Brexit, Trump, Hanson and me

I had been asleep on my mate’s couch for about 4 hours when his son ran downstairs to tell us that we were going to leave. Not for school, but Europe. We were leaving the EU. It was possible that I was still drunk but the TV was telling me the same story. I left the UK the next day returning to Australia to find genuine concern for the wellbeing of my country which had apparently become overwhelmingly racist and stupid.

One thing I noticed was my instinct to disagree with people who weren’t British or living in the UK but were judging us. I found myself disagreeing with them first and then trying to justify why. This was despite me voting for the UK to remain in the EU.

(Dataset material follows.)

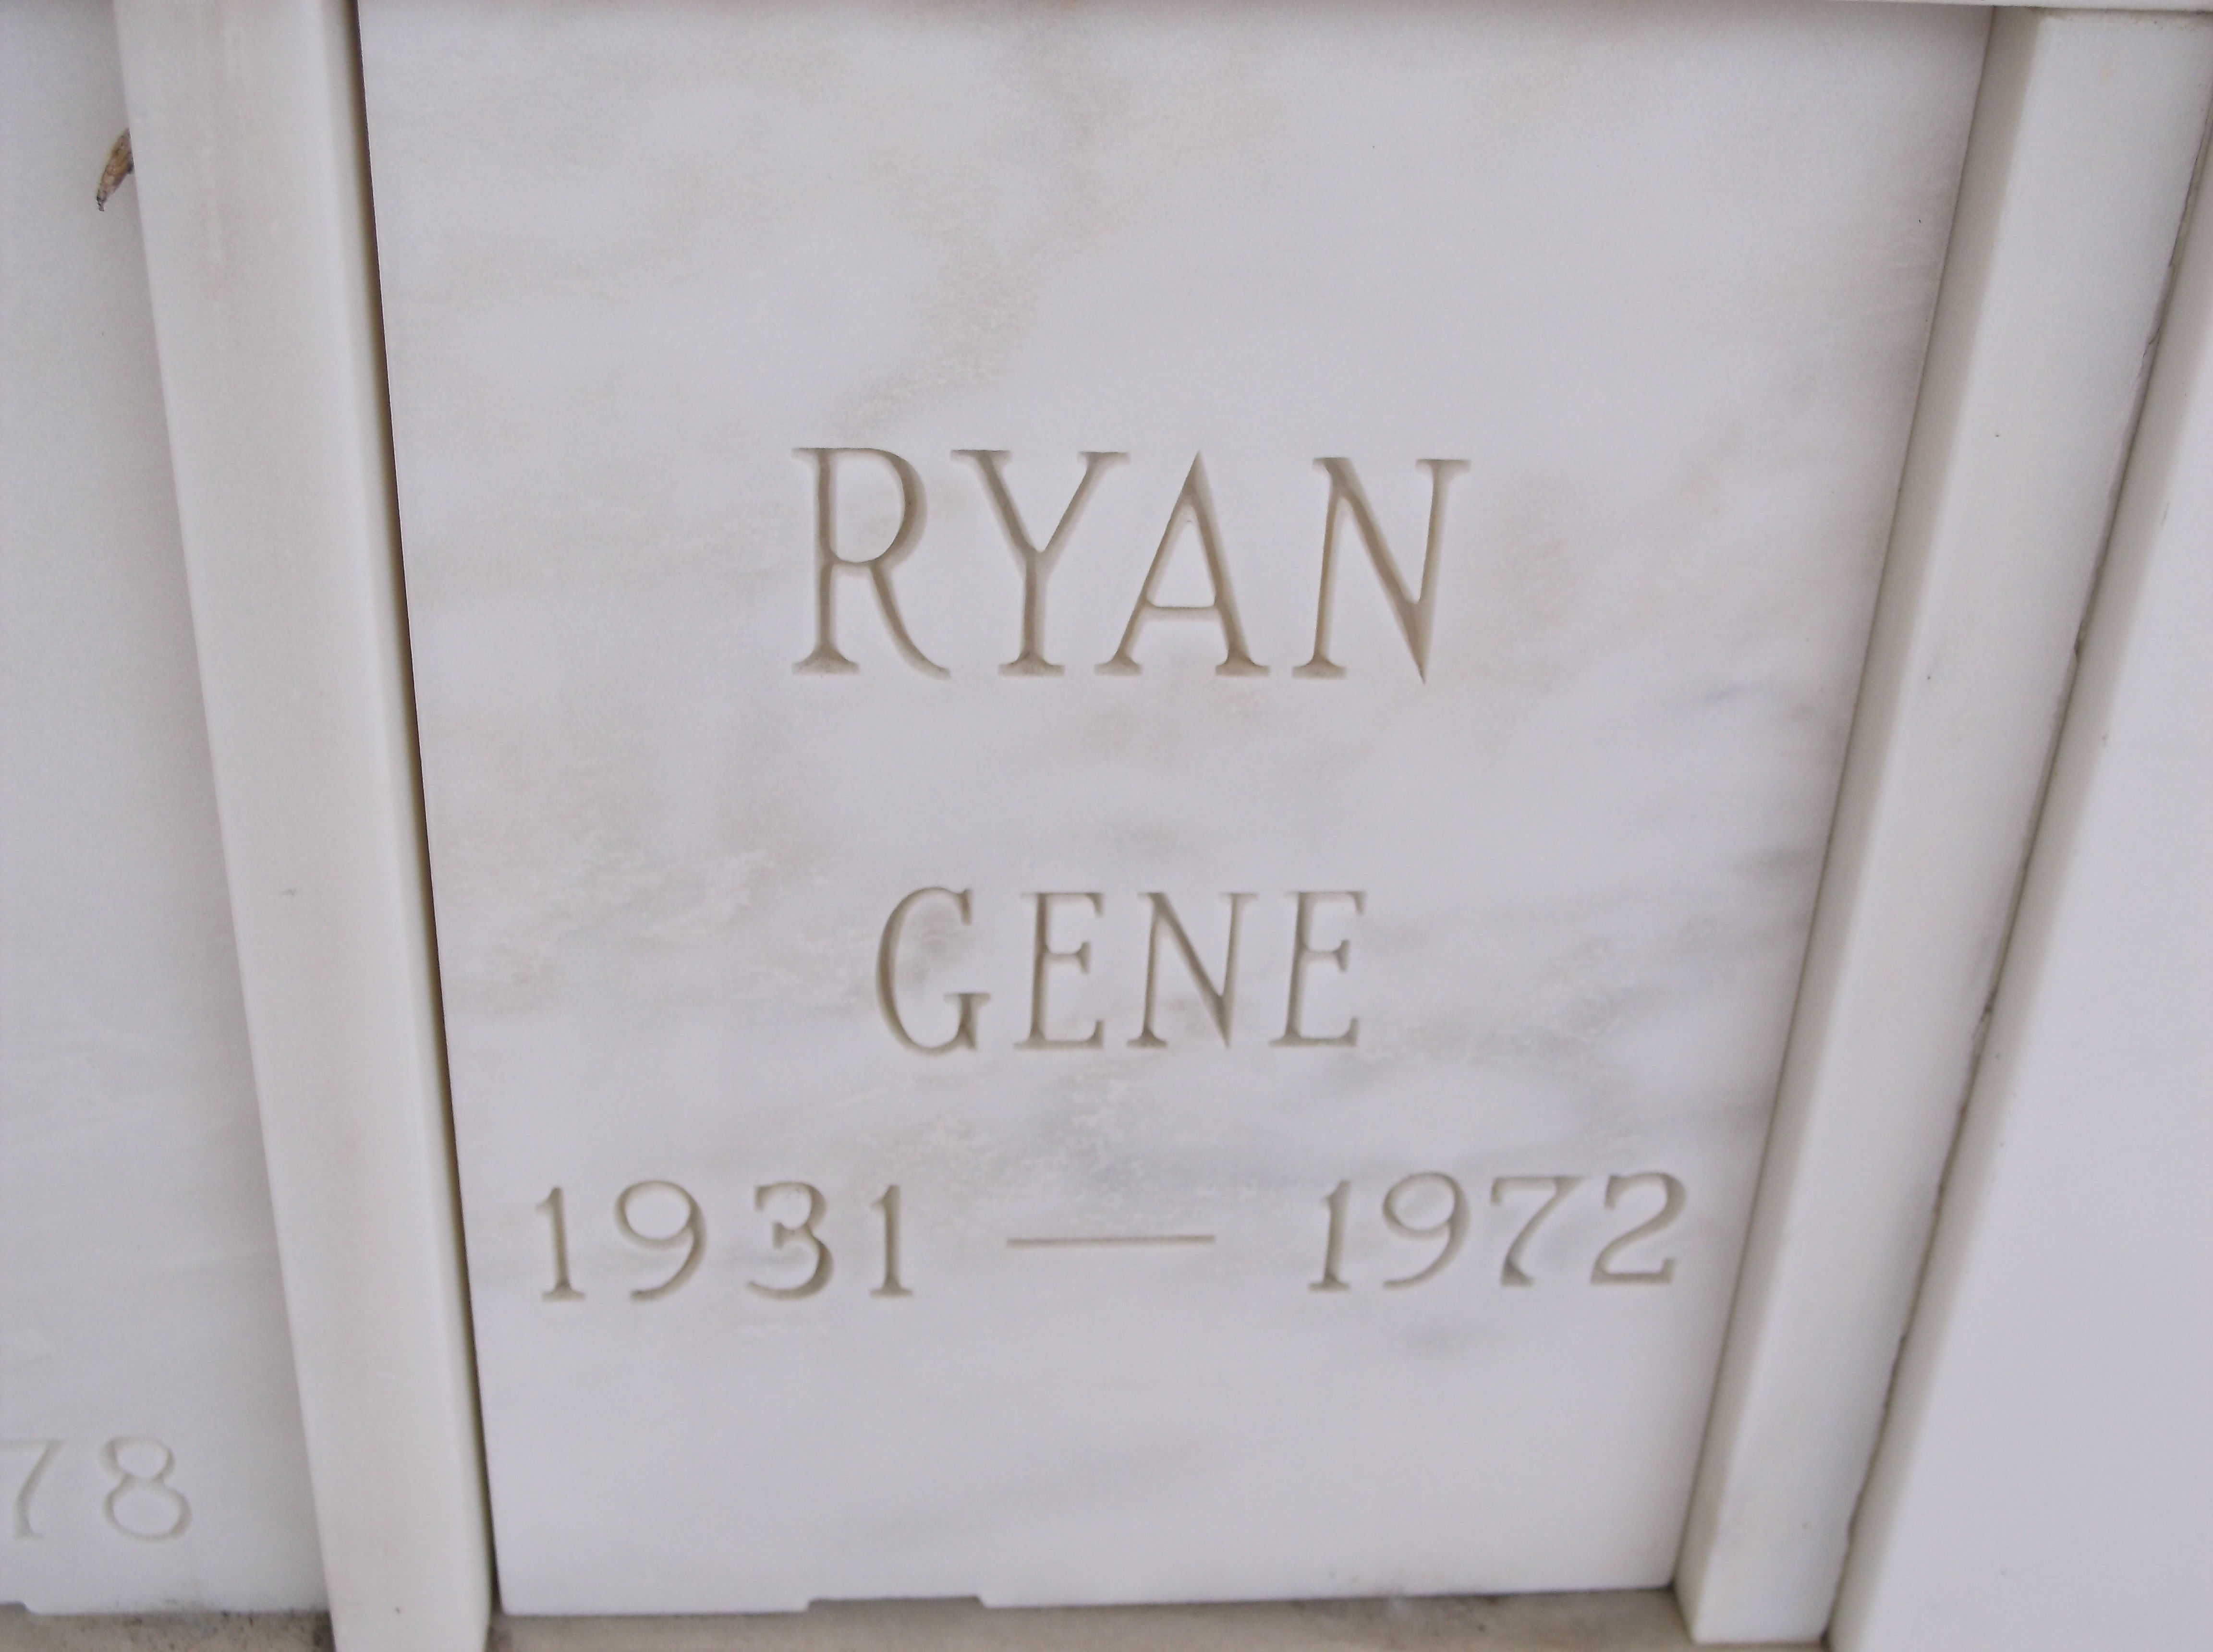 Gene Ryan

It’s well known that only you can slag your own mother off, and writ larger, this was the same sentiment I was feeling when reading foreigners bemoan the UK as racist. I didn’t feel they had the knowledge or even the right to be saying such things, whilst actually they possibly do on both counts. Even if I could have agreed with them, hearing how other people saw us annoyed me.


Neither are me. Nor Boris Johnson.

I could feed this annoyance by listening to incomplete analysis of what had happened – forgetting that I just don’t notice the incomplete UK coverage of foreign news because of my own ignorance. However, annoyance turned to laughter when I heard a (sage) radio host and three (wise) political commentators discuss how political and social institutions in Australia had prevented politicians like Trump, Le Pen, Farage and (Boris) Johnson becoming popular there. Shortly after that, I attended an event with a former foreign minister and current political journalist who talked about global politics and Australia in a similar vein.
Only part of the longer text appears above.